The Dutch settlements, with the Swedish, also succumbed to Britain; Nieuw Amsterdam became British in 1674 and its name was changed to New York, as the reader may learn very cheerfully in Washington Irving's Knickerbocker's History of New York. The state of affairs in North America in 1750 is indicated very clearly by a map we have adapted from one in Robinson's Medieval and Modern Times. The British power was established along the east coast from Savannah to the St. Lawrence River, and Newfoundland and considerable northern areas, the Hudson Bay Company territories, had been acquired by treaty from the French. The British occupied Barbados (almost our oldest possession) in 1605, and acquired Jamaica, the Bahamas, and British Honduras from the Spaniards. But France was pursuing a very dangerous and alarming game, a game even more dangerous and alarming on the map than in reality. She had made real settlements in Quebec and Montreal to the north and at New Orleans in the south, and her explorers and agents had pushed south and north, making treaties with the American Indians of the great plains and setting up claims without setting up towns right across the continent behind the British. But the realities of the case are not adequately represented in this way. The British colonies were being very solidly settled by a good class of people; they already numbered a population of over a million; the French at that time hardly counted a tenth of that. They had a number of brilliant travellers and missionaries at work, but no substance of population behind them.

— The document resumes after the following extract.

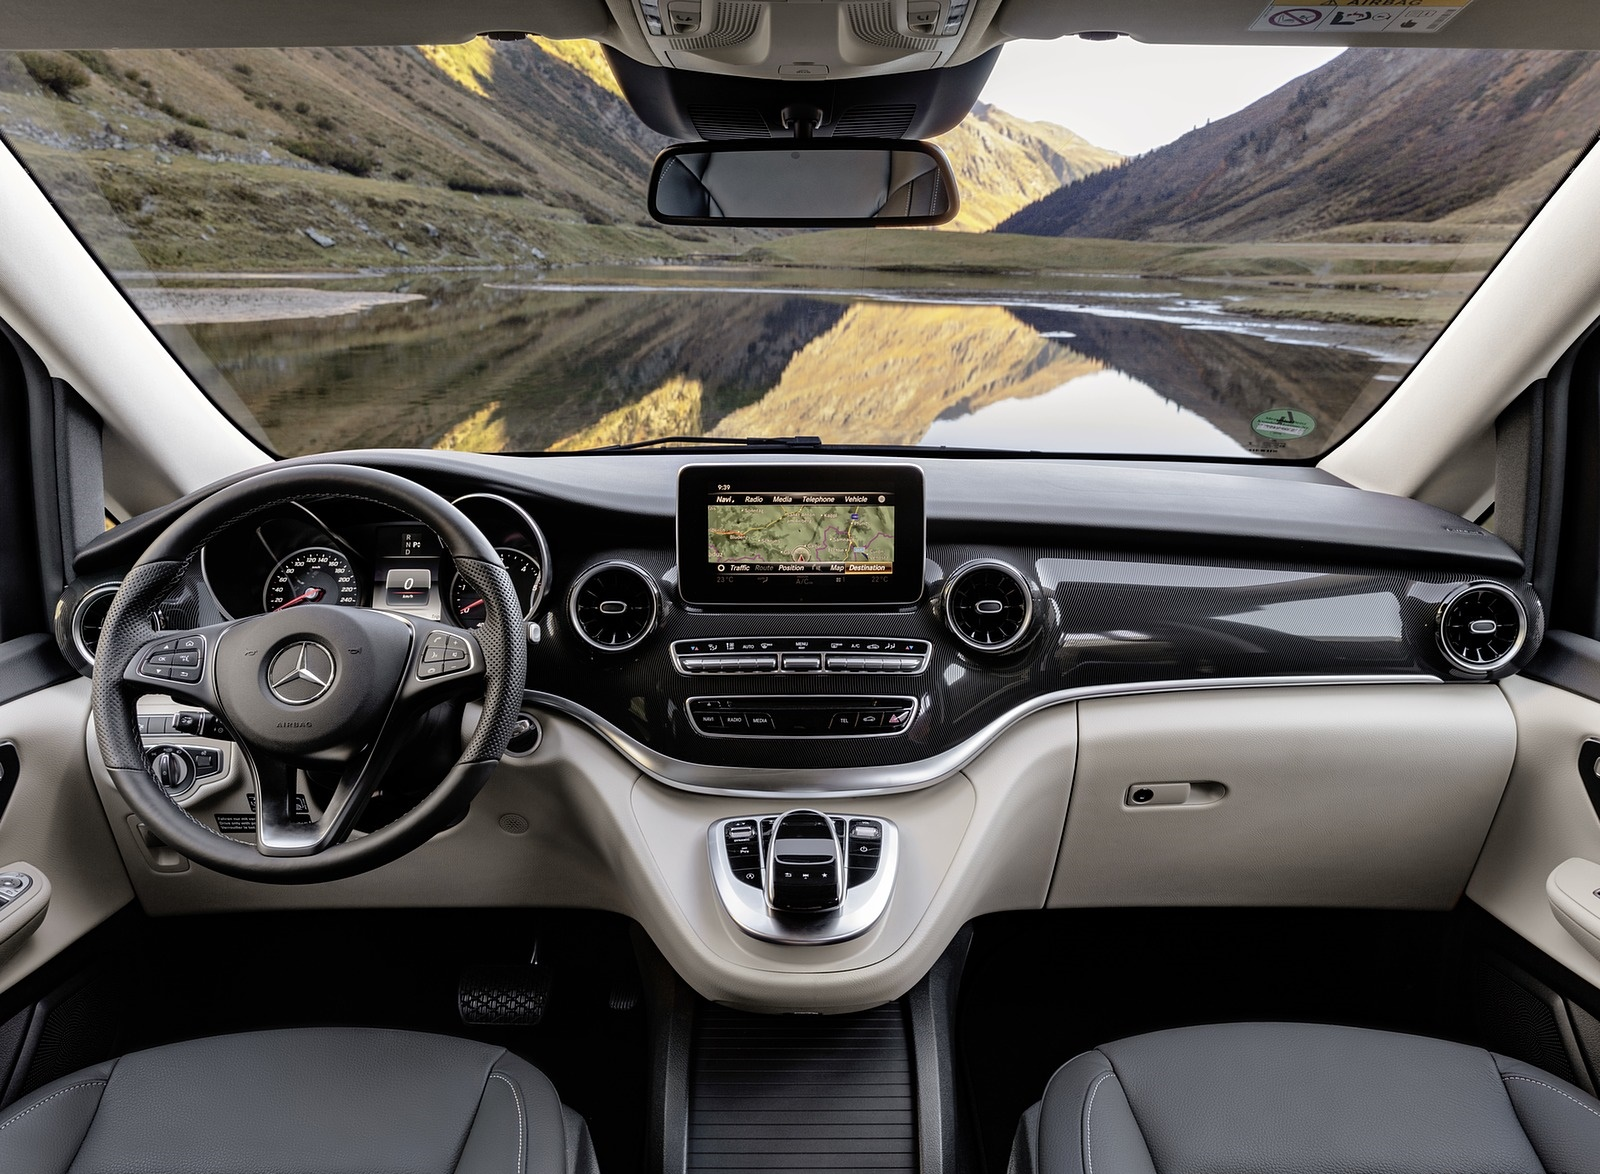 2019 Mercedes Benz V Class Marco Polo Interior Cockpit Wallpapers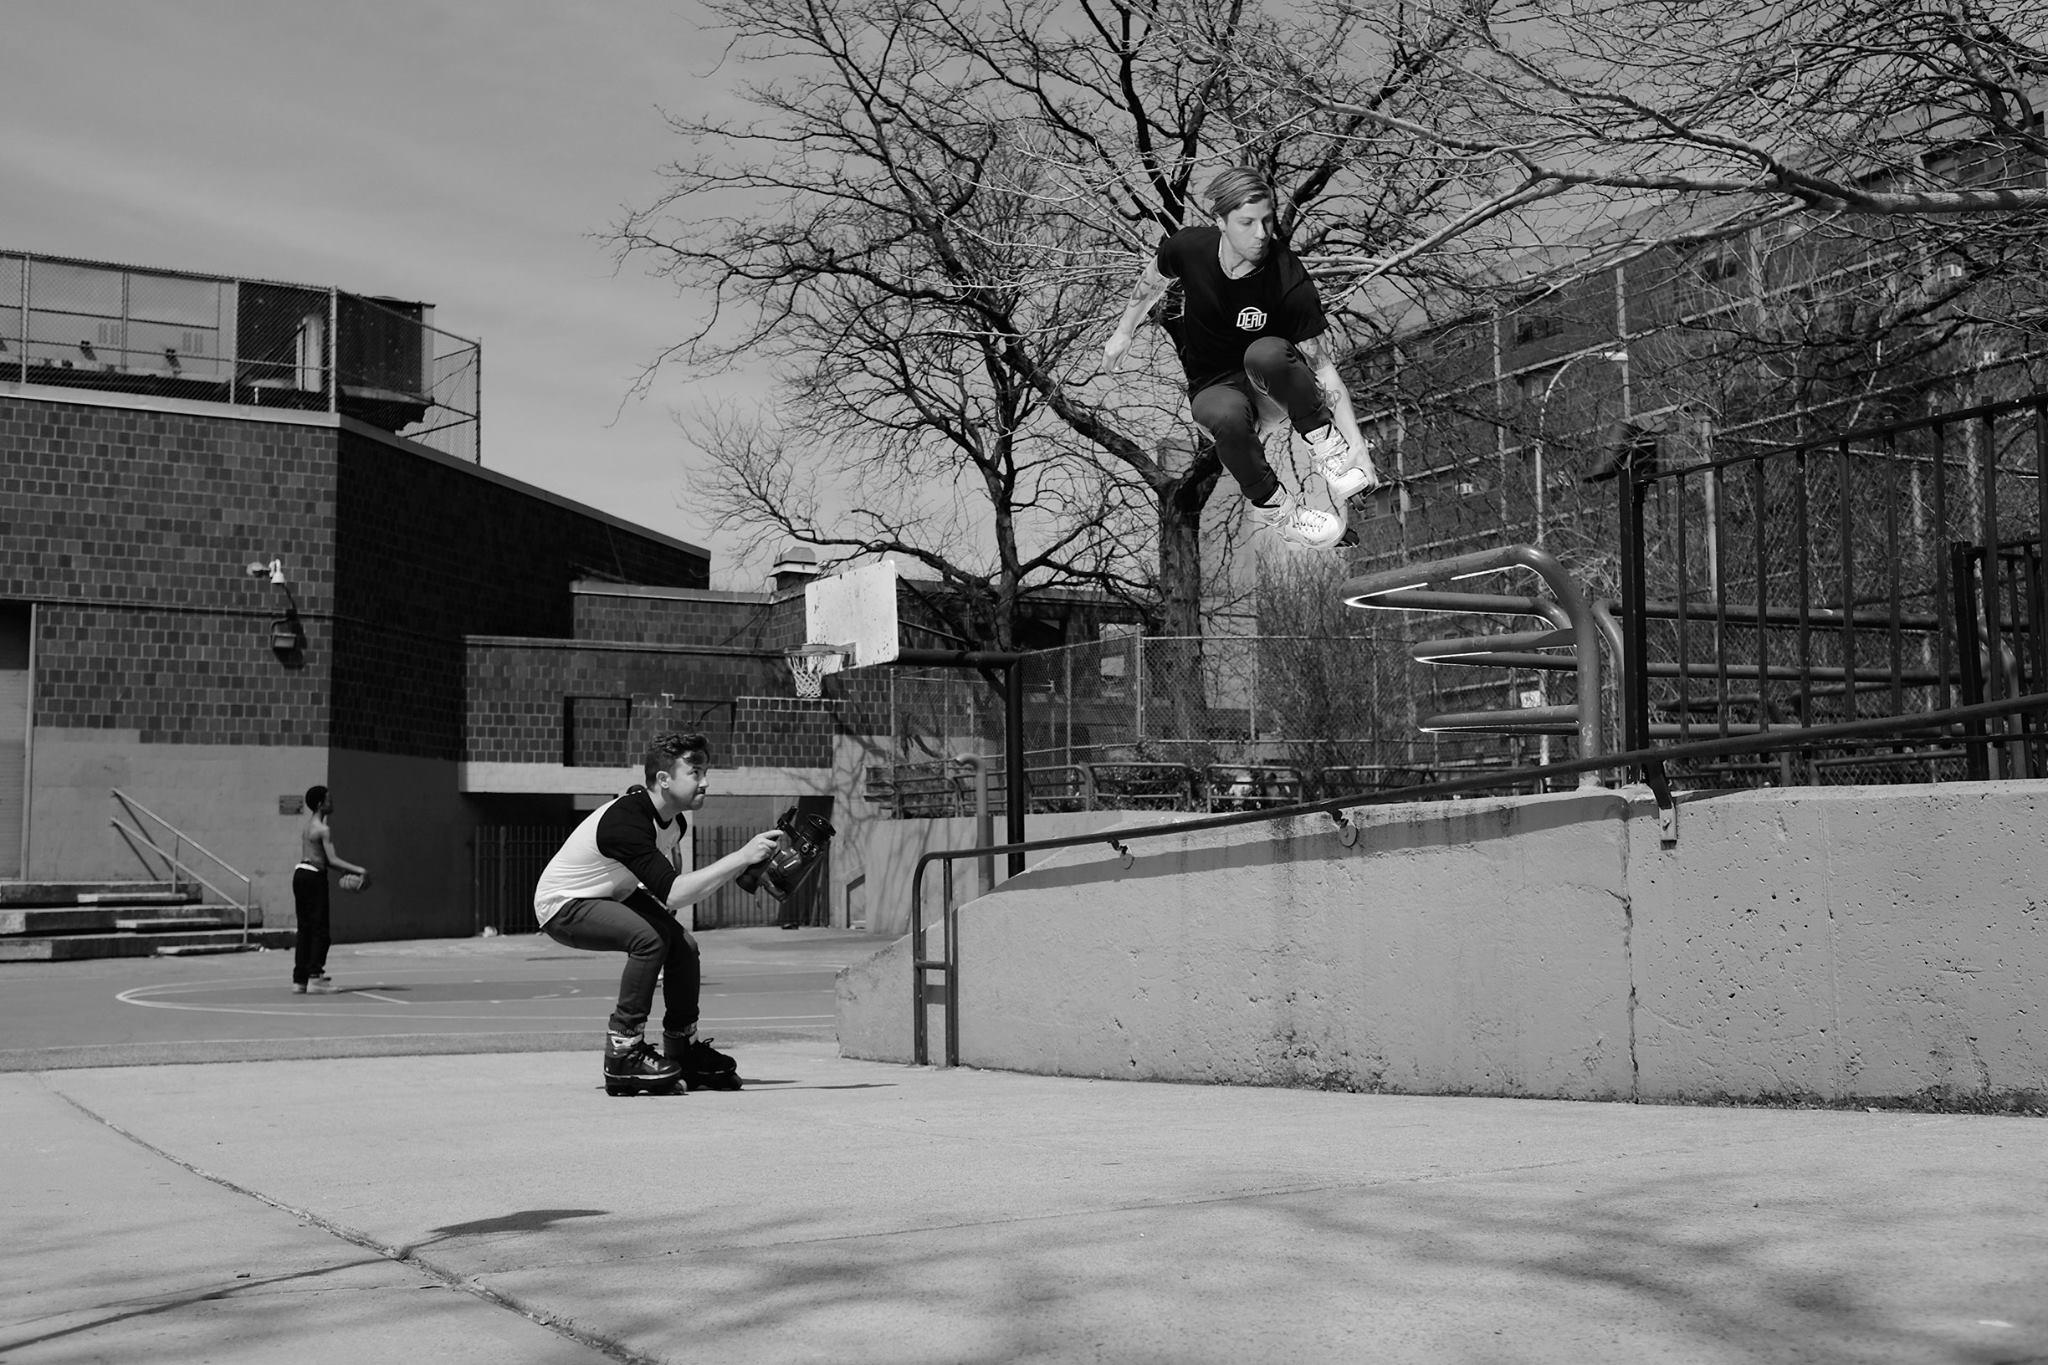 Adam Johnson filming Alex Broskow - photo by Shawn Engler

Many old maps of America in this period are still to be found, maps designed to scare and "rouse" the British to a sense of the "designs of France" in America. War broke out in 1754, and in 1759 the British and Colonial forces under General Wolfe took Quebec and completed the conquest of Canada in the next year. In 1763 Canada was finally ceded to Britain. (But the western part of the rather indefinite region of Louisiana in the south, named after Louis XIV, remained outside the British sphere. It was taken over by Spain; and in 1800 it was recovered by France. Finally, in 1803, it was bought from France by the United States government.) In this Canadian war the American colonists gained a considerable experience of the military art, and a knowledge of British military organization that was to be of great use to them a little later.